> TASK: Print all entries below exactly as they appear.

Stored items from a collection:
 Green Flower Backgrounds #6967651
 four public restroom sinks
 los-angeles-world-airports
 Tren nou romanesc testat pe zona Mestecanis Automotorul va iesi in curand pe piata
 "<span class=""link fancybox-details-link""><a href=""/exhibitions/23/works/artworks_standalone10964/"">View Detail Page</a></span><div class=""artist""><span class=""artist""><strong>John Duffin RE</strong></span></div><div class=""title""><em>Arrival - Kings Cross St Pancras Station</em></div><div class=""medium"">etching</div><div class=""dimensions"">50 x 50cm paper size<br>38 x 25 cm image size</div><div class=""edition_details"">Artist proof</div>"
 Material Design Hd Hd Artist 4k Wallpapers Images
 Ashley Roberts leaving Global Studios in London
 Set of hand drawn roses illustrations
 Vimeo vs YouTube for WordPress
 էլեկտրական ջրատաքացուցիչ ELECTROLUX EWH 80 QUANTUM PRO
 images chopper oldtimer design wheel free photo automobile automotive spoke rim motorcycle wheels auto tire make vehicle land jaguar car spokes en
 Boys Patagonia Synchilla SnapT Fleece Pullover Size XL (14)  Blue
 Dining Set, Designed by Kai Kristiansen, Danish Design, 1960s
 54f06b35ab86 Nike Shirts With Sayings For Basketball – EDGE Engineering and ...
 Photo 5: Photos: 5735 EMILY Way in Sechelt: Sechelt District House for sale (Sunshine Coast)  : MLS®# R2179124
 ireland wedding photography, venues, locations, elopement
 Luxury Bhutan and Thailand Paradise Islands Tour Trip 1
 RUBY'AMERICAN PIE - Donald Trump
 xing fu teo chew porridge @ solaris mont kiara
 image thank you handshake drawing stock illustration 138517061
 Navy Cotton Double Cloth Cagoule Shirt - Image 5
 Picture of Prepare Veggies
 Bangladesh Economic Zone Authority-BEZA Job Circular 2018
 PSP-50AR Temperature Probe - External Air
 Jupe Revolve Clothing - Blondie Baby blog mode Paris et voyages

> ANSWER:
 Green Flower Backgrounds #6967651
 four public restroom sinks
 los-angeles-world-airports
 Tren nou romanesc testat pe zona Mestecanis Automotorul va iesi in curand pe piata
 "<span class=""link fancybox-details-link""><a href=""/exhibitions/23/works/artworks_standalone10964/"">View Detail Page</a></span><div class=""artist""><span class=""artist""><strong>John Duffin RE</strong></span></div><div class=""title""><em>Arrival - Kings Cross St Pancras Station</em></div><div class=""medium"">etching</div><div class=""dimensions"">50 x 50cm paper size<br>38 x 25 cm image size</div><div class=""edition_details"">Artist proof</div>"
 Material Design Hd Hd Artist 4k Wallpapers Images
 Ashley Roberts leaving Global Studios in London
 Set of hand drawn roses illustrations
 Vimeo vs YouTube for WordPress
 էլեկտրական ջրատաքացուցիչ ELECTROLUX EWH 80 QUANTUM PRO
 images chopper oldtimer design wheel free photo automobile automotive spoke rim motorcycle wheels auto tire make vehicle land jaguar car spokes en
 Boys Patagonia Synchilla SnapT Fleece Pullover Size XL (14)  Blue
 Dining Set, Designed by Kai Kristiansen, Danish Design, 1960s
 54f06b35ab86 Nike Shirts With Sayings For Basketball – EDGE Engineering and ...
 Photo 5: Photos: 5735 EMILY Way in Sechelt: Sechelt District House for sale (Sunshine Coast)  : MLS®# R2179124
 ireland wedding photography, venues, locations, elopement
 Luxury Bhutan and Thailand Paradise Islands Tour Trip 1
 RUBY'AMERICAN PIE - Donald Trump
 xing fu teo chew porridge @ solaris mont kiara
 image thank you handshake drawing stock illustration 138517061
 Navy Cotton Double Cloth Cagoule Shirt - Image 5
 Picture of Prepare Veggies
 Bangladesh Economic Zone Authority-BEZA Job Circular 2018
 PSP-50AR Temperature Probe - External Air
 Jupe Revolve Clothing - Blondie Baby blog mode Paris et voyages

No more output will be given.